Update to SharpCompress 0.30.0 due to CVE-2021-39208

[Mario-Hofstaetter]

We have been alerted by our Dependency-Track server that

<PackageReference Include="SharpCompress" Version="0.23.0" />

currently used by Ductus.FluentDocker is affected by CVE-2021-39208.

See also https://nvd.nist.gov/vuln/detail/CVE-2021-39208 This has been fixed in SharpCompress >= 0.29.0.

While this is low in Impact (CVSS Base Score 4.3) @mariotoffia please consider upgrading the dependency, because users of your library need to security audit this.

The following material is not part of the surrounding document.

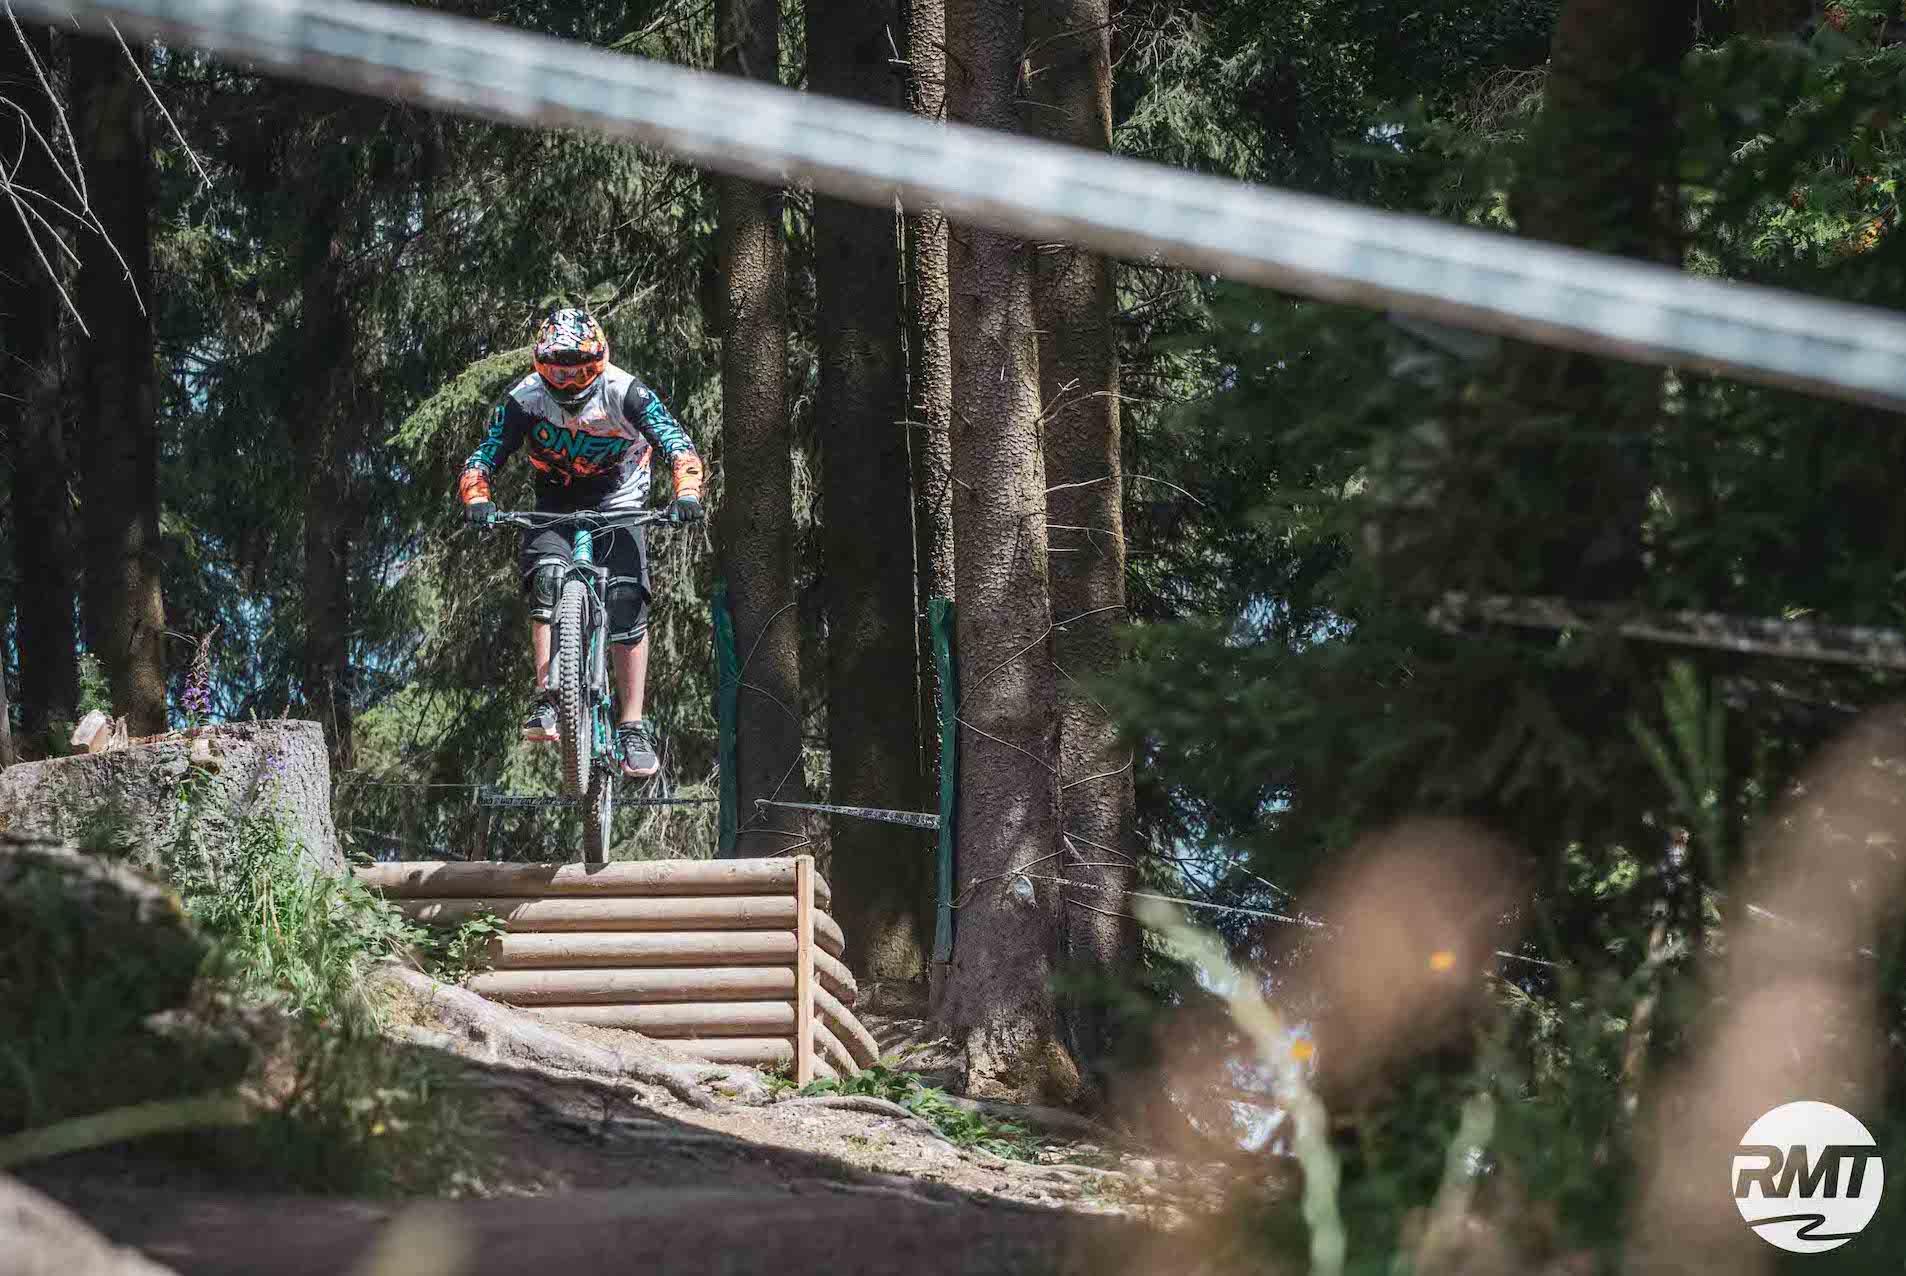 MTB Fahrtechnik Kinder Fortgeschritten Kurs im Bikepark Winterberg Training Rock my Trail Bikeschule 1
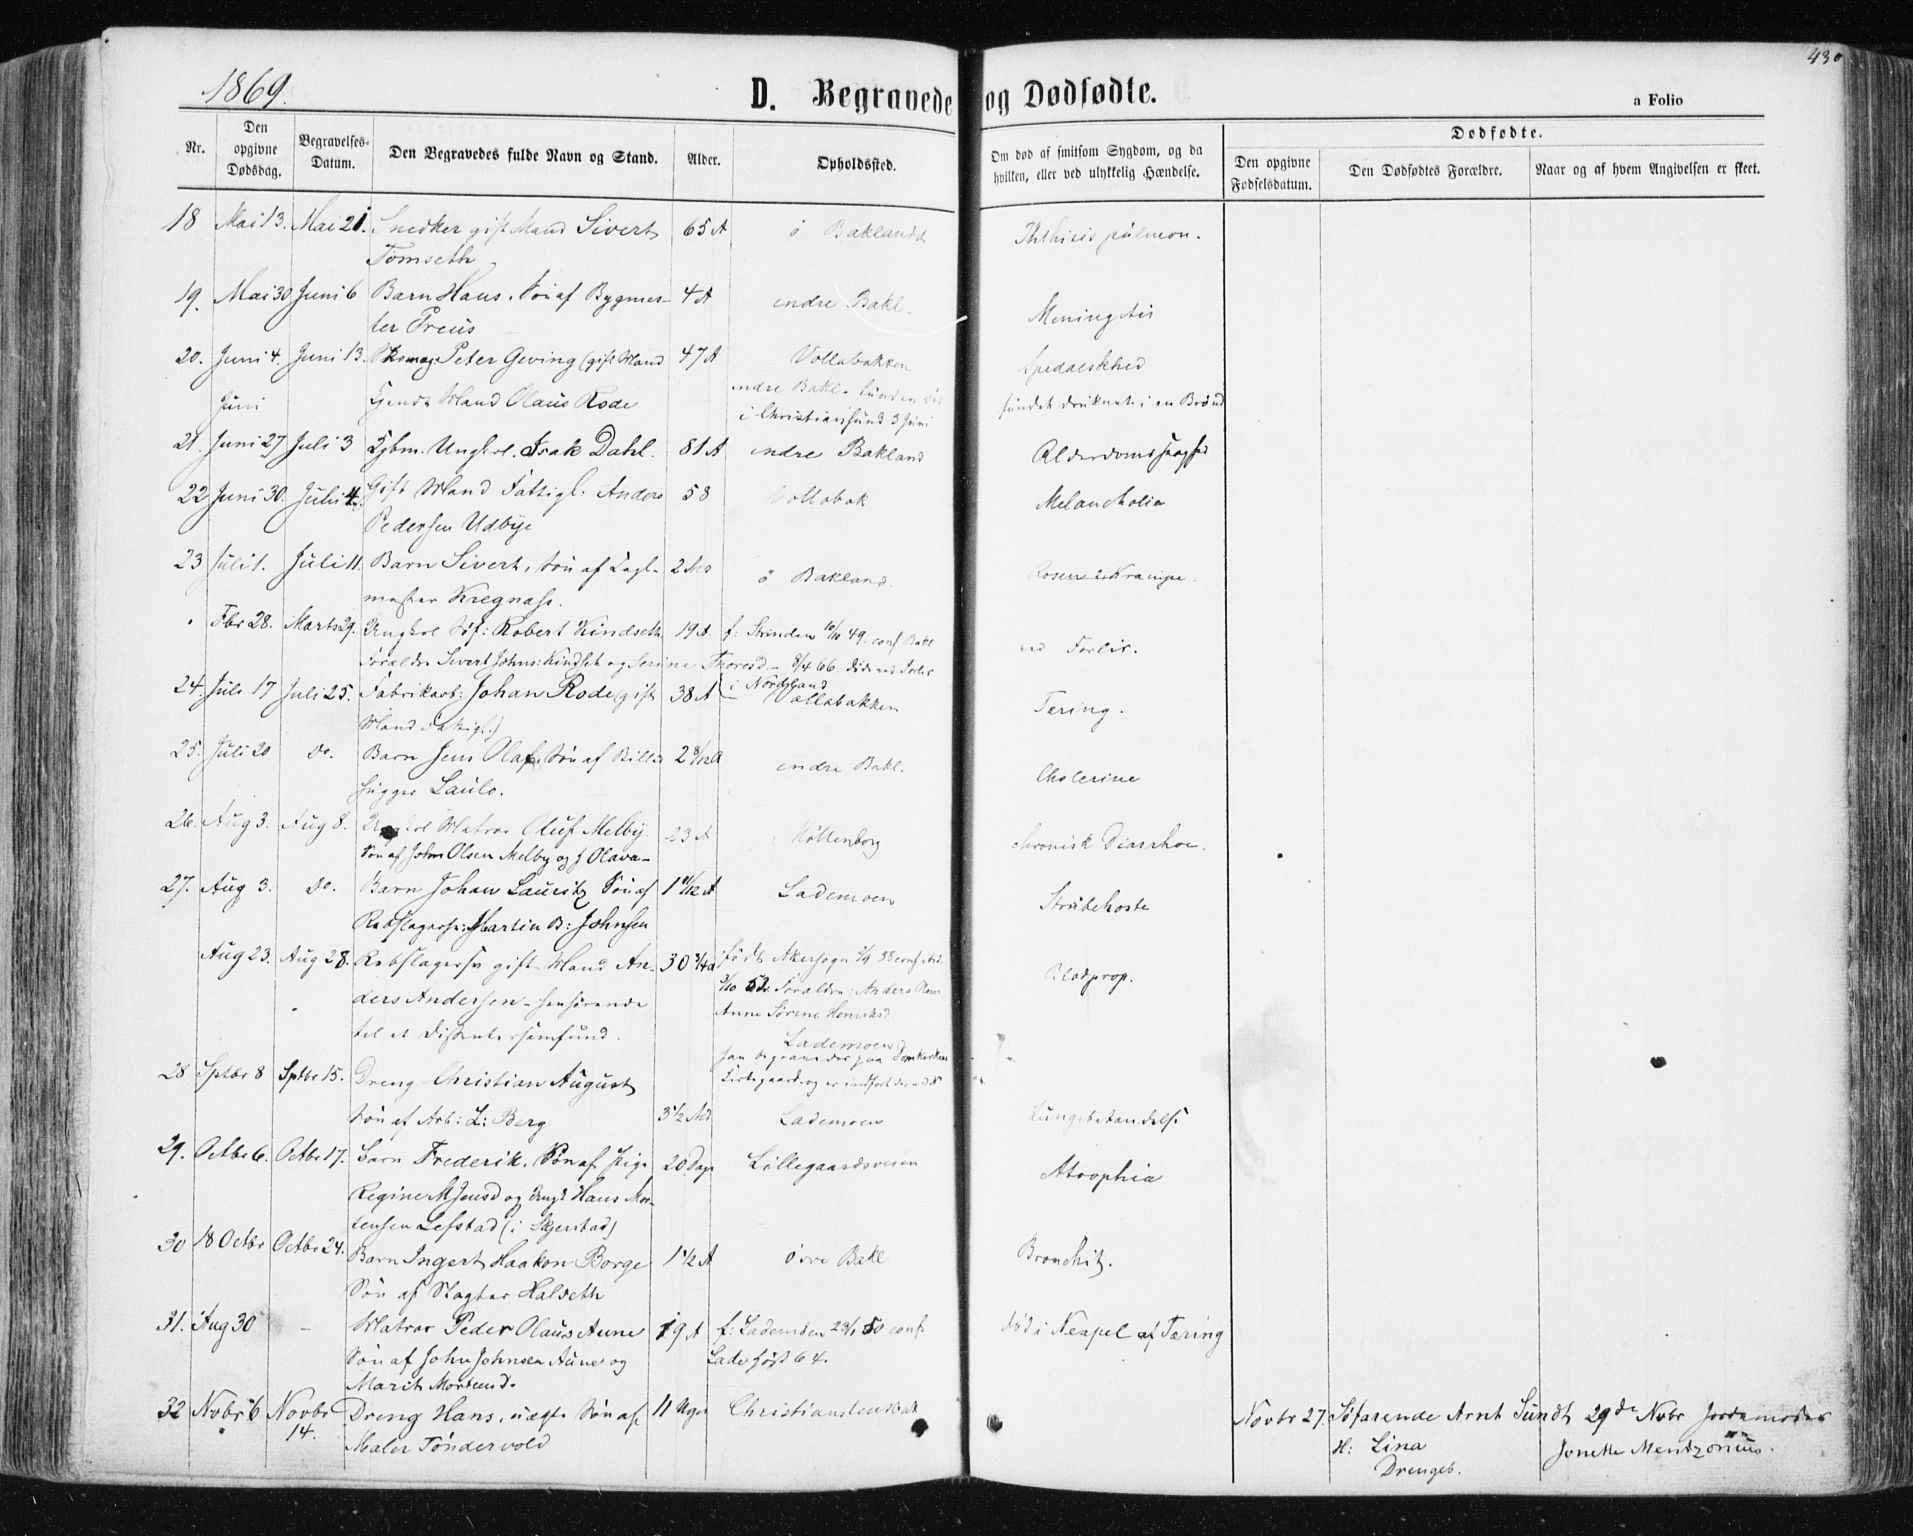 SAT, Ministerialprotokoller, klokkerbøker og fødselsregistre - Sør-Trøndelag, 604/L0186: Parish register (official) no. 604A07, 1866-1877, p. 430

There was an automatic PR https://github.com/mariotoffia/FluentDocker/pull/213 for this, but the SharpCompress release notes did not even mention the CVE.

Thanks ❤️

[mariotoffia]

Hi @Mario-Hofstaetter and thanks for this issue - It seems that it is when you use this on a "unknown" archive that could go outside your "sandbox". I use sharp-compress to create archives so it does not affect fluentdocker.

Having said that I do understand that I need to fix it so FluentDocker do not get blacklisted or if someone uses this as transient dependency for their own purpose.

I'll fix it - but it is not a straight off fix since it breaks the build on something...

Cheers, Mario :)

[Mario-Hofstaetter]

Thanks for looking into it!

I did look into the code and saw sharpcompress is hardly used anyway, only inside of CompressionExtensions.UnTar ? Which only seems to be used in

public static IContainerService Export(this IContainerService service, TemplateString fqPath, bool explode = false,
      bool throwOnError = false)

if explode is set to true .

That however sounds like extracting an archive, rather than creating one?

It did consider forking and just uncommenting that code until the dependency is updated but until now was too lazy to do so 😅

Maybe there is a .NET native way to extract a tar so the SharpCompress dependency could be dropped completely.